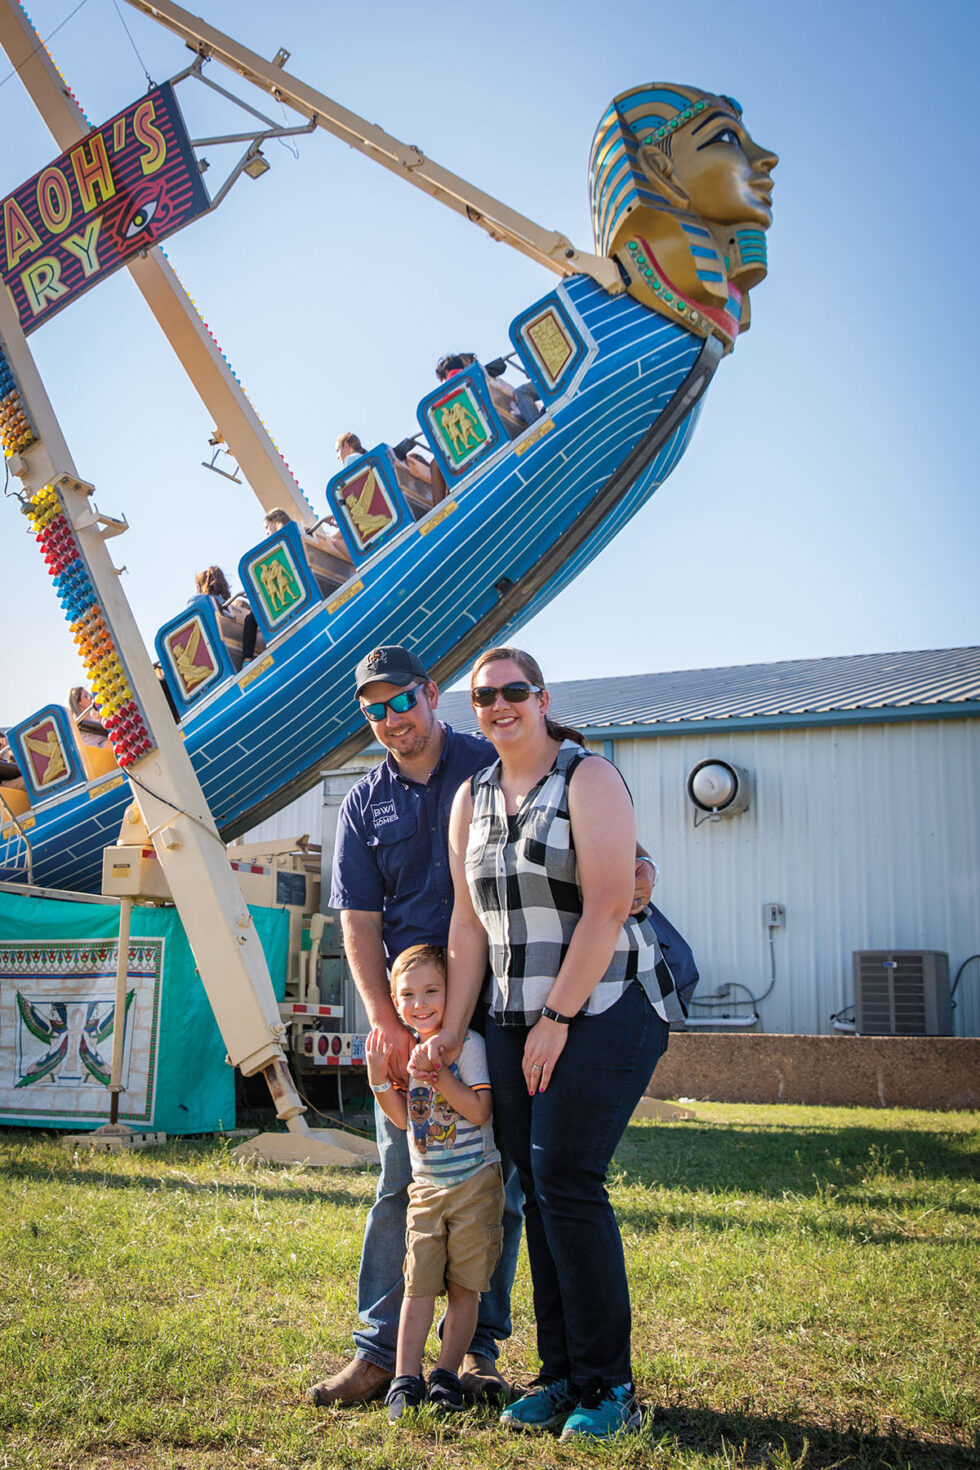 The Mighty Thomas Carnival Brings Joy to Small Town Texas
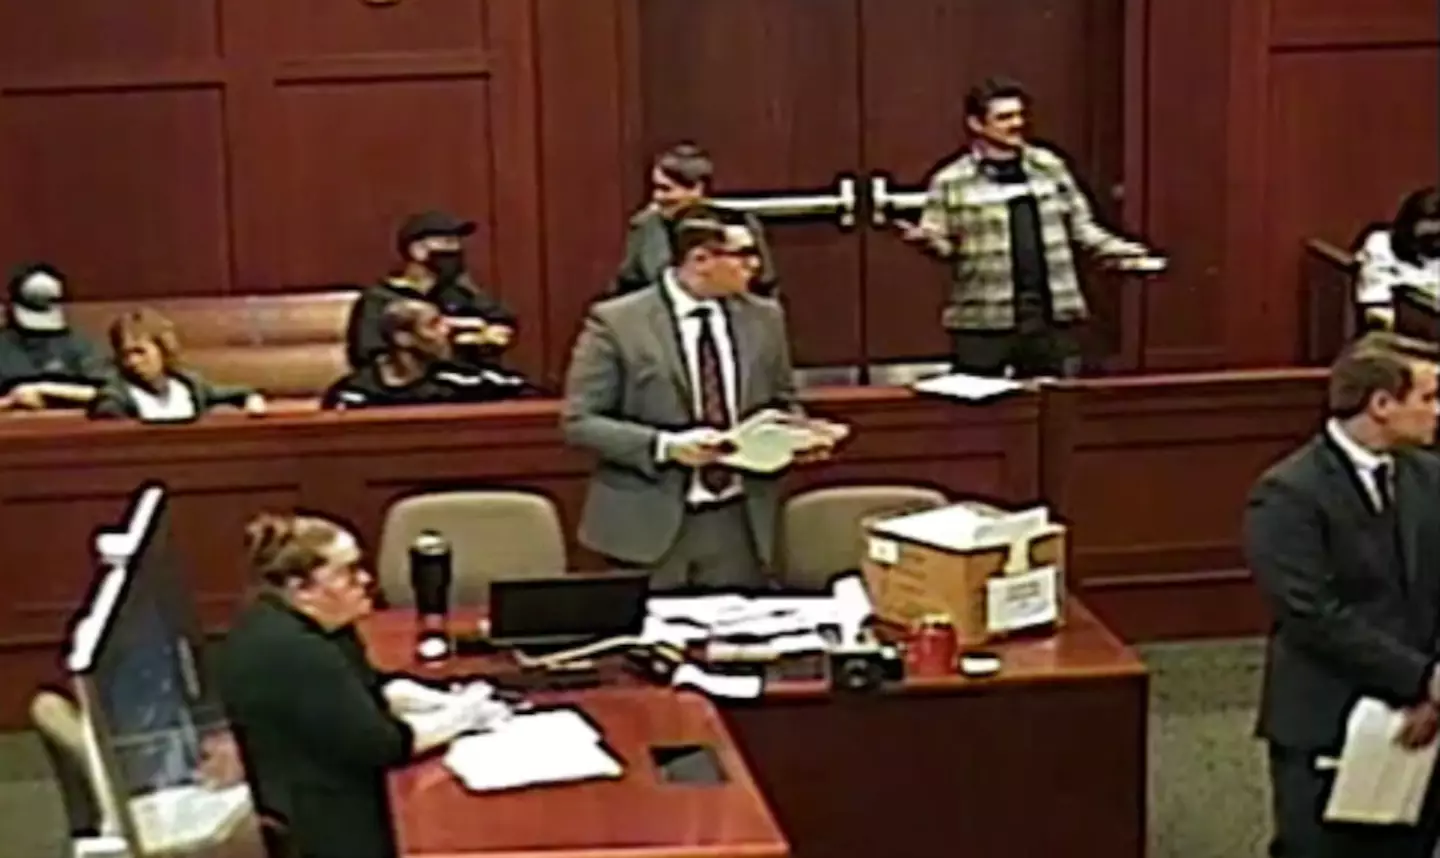 Kevin Newton was called an 'a**hole' by the judge.
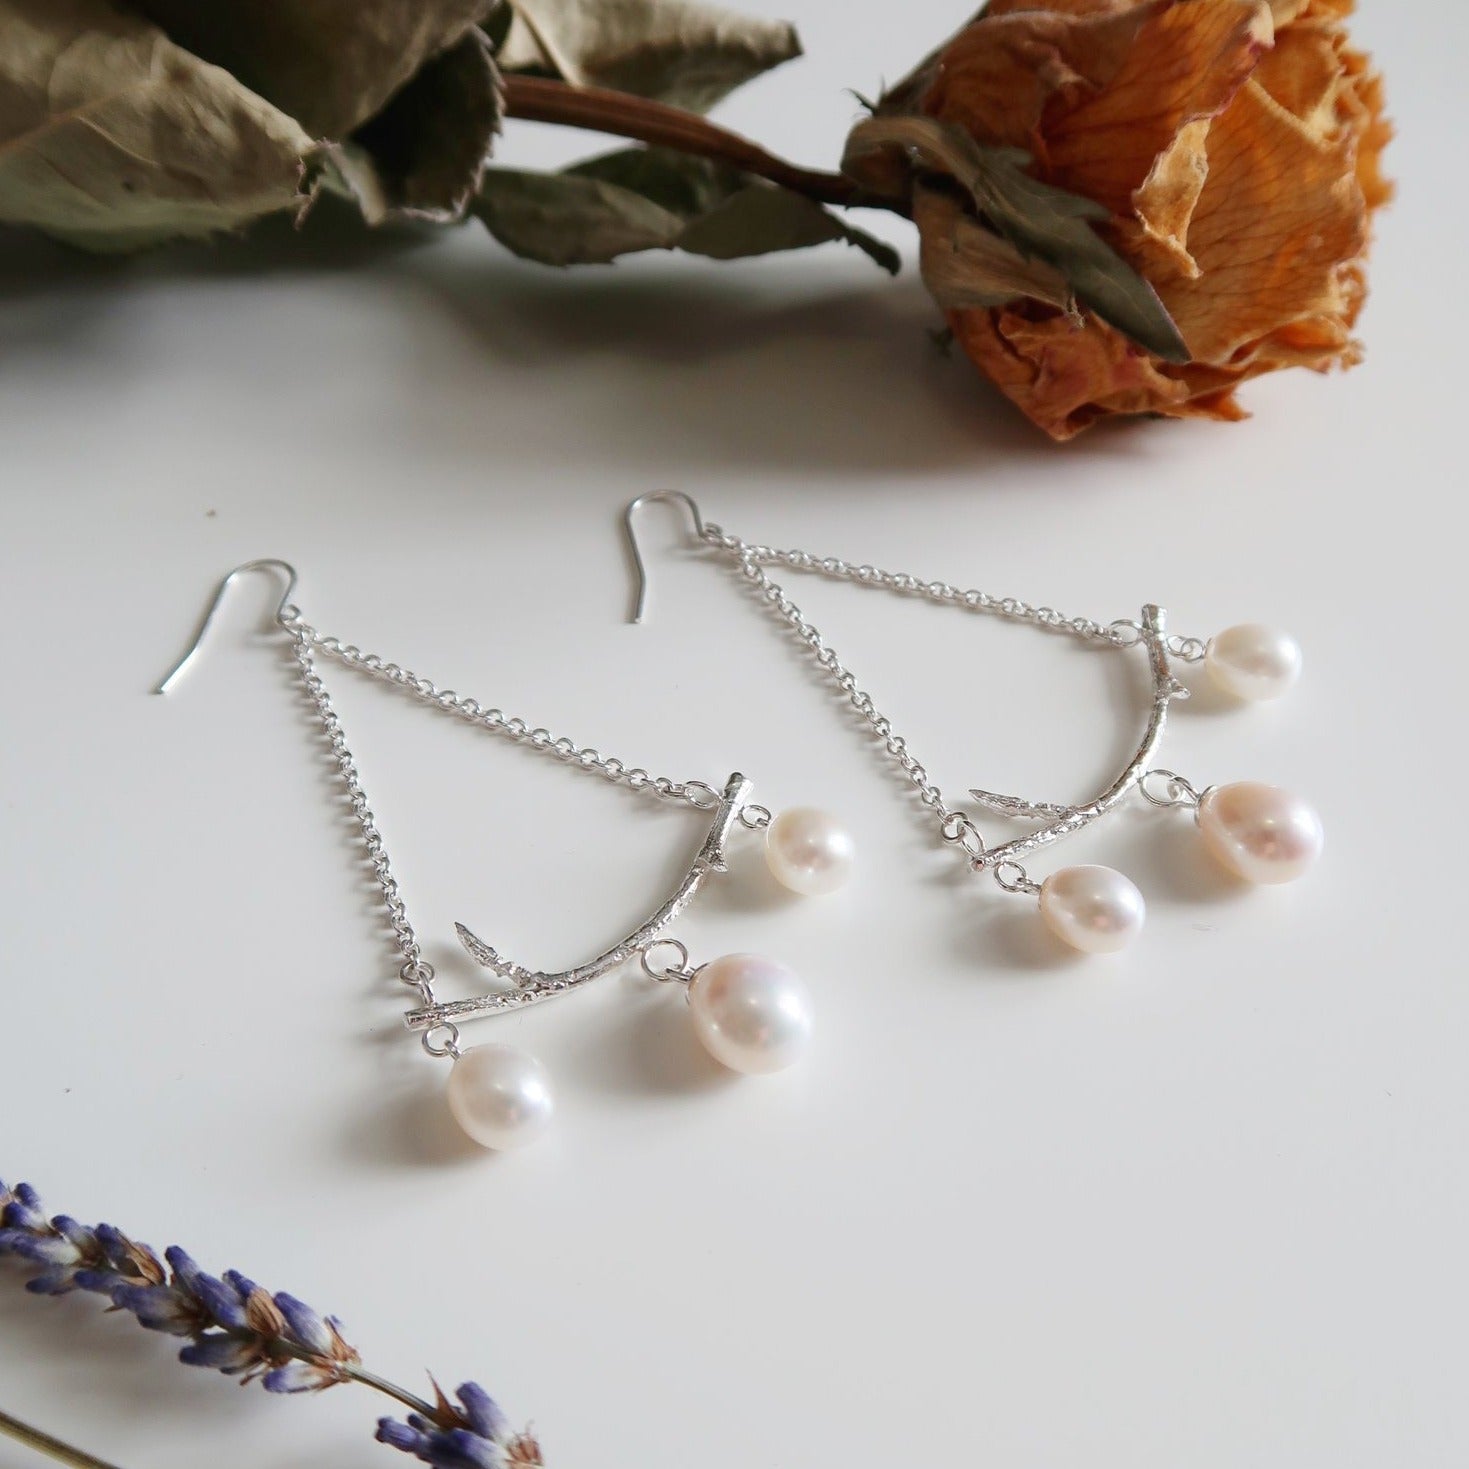 Branch Chandelier Earrings with Pearls - Magpie Jewellery
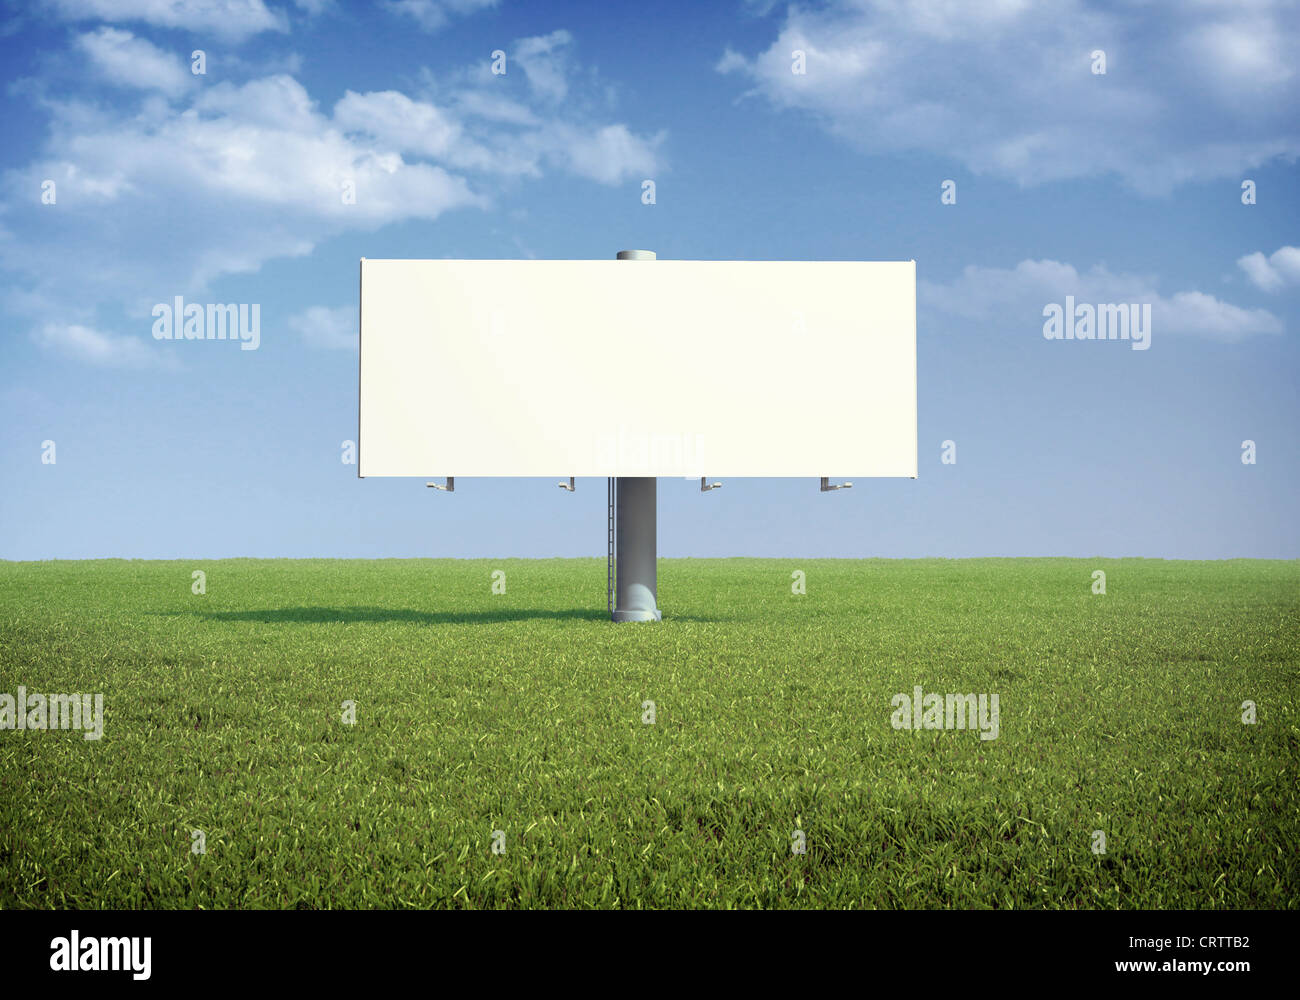 Ad billboard standing in a field of grass Stock Photo
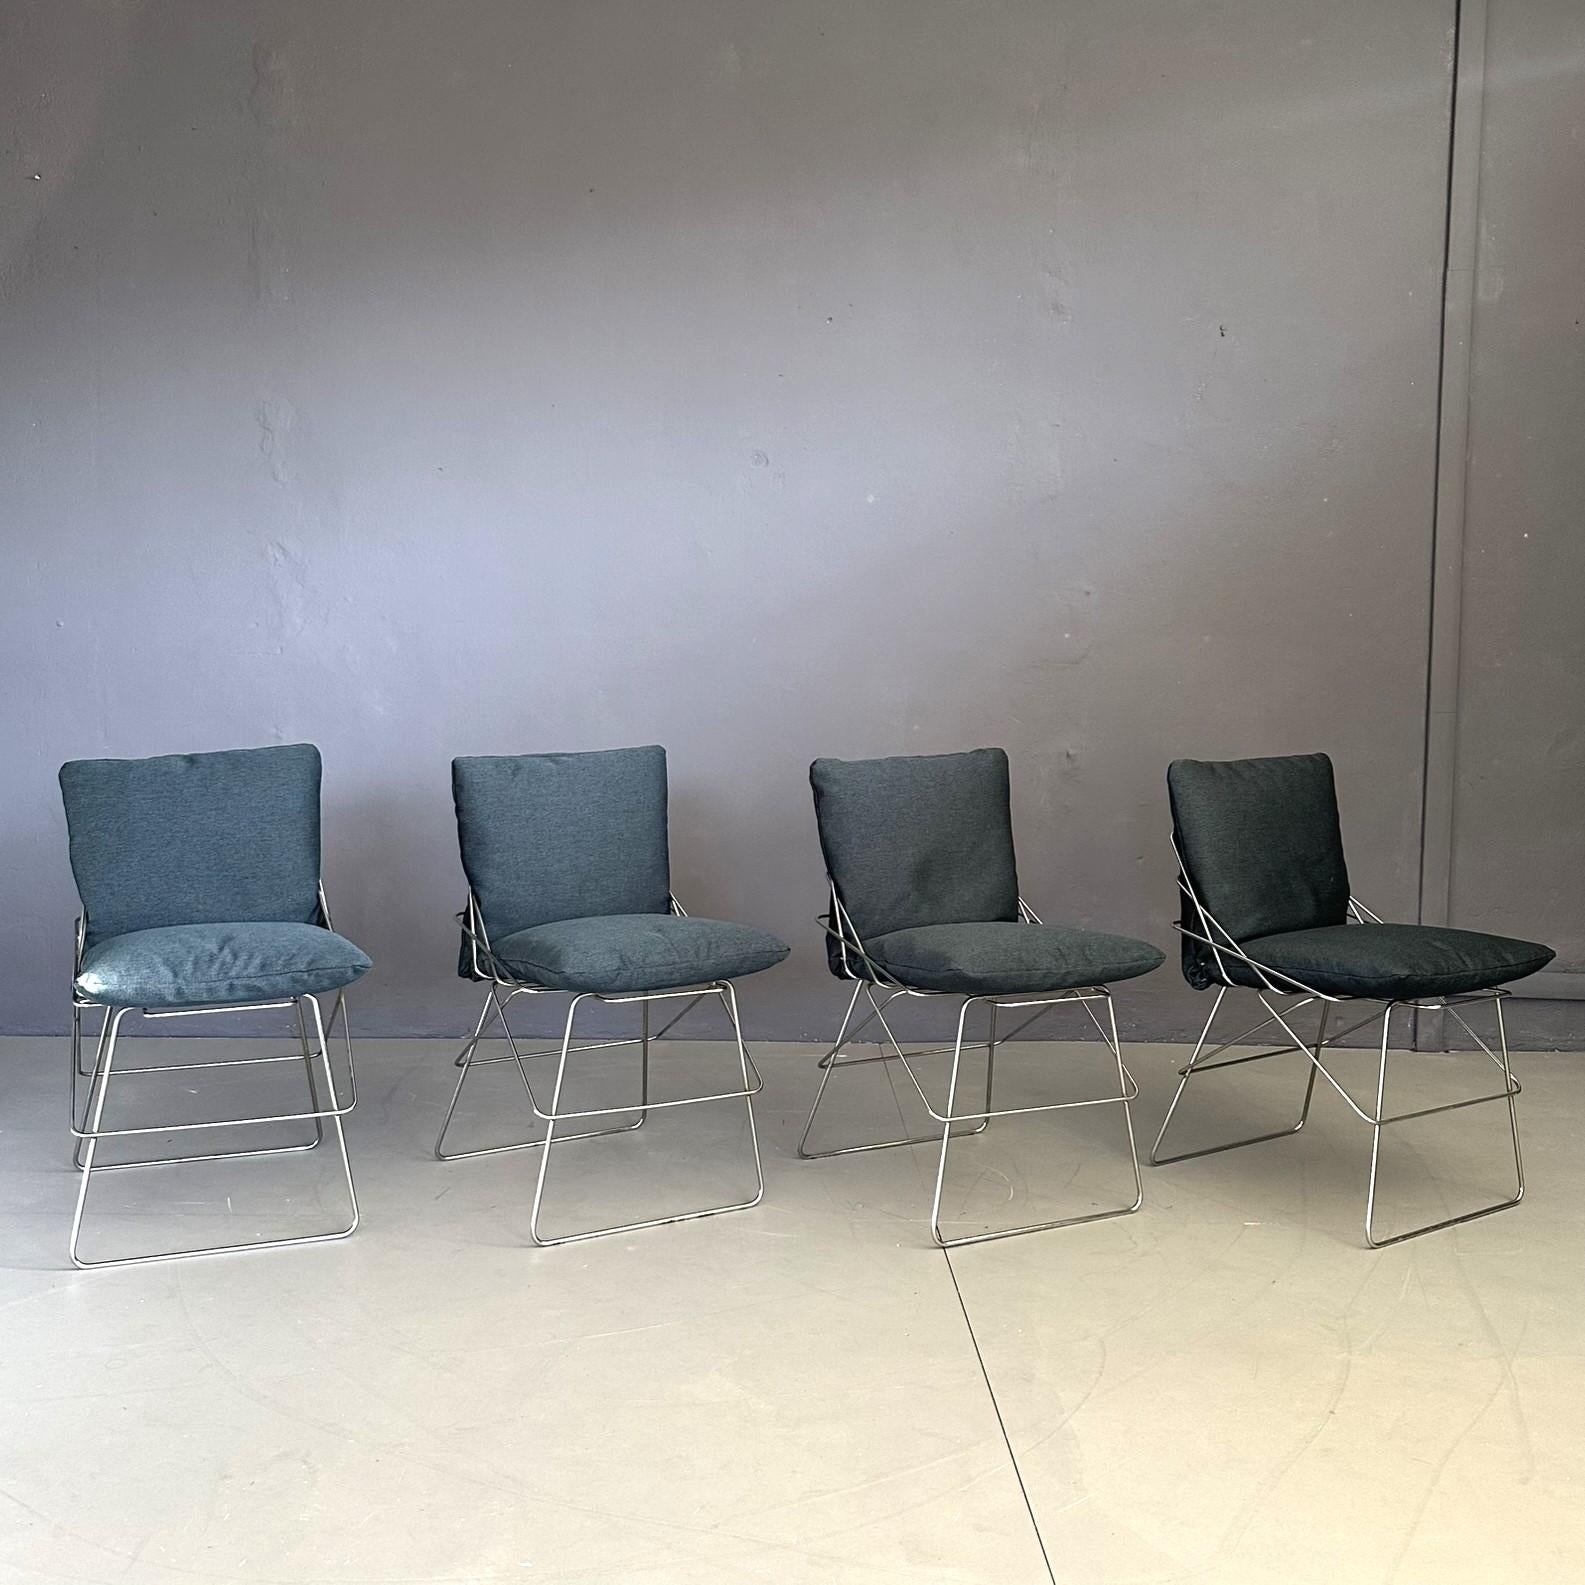 
Set of four chairs model SOF SOF design by Enzo Mari, for Daride 70s. Chromed metal rod structure, with seat and backrest upholstered in blue fabric.
Seat that summarizes the essentiality and elegance of Enzo Mari's design. Created by Driade in

·····

ACTIVITY> Please print exactly the lines running from the line with "Branch Chandelier Earrings" through the final line of the material, and nothing more. Keep pictures out.

EXERCISE SOLUTION>
 Branch Chandelier Earrings with Pearls - Magpie Jewellery
 Ad billboard standing in a field of grass Stock Photo
Set of four chairs model SOF SOF design by Enzo Mari, for Daride 70s. Chromed metal rod structure, with seat and backrest upholstered in blue fabric.
Seat that summarizes the essentiality and elegance of Enzo Mari's design. Created by Driade in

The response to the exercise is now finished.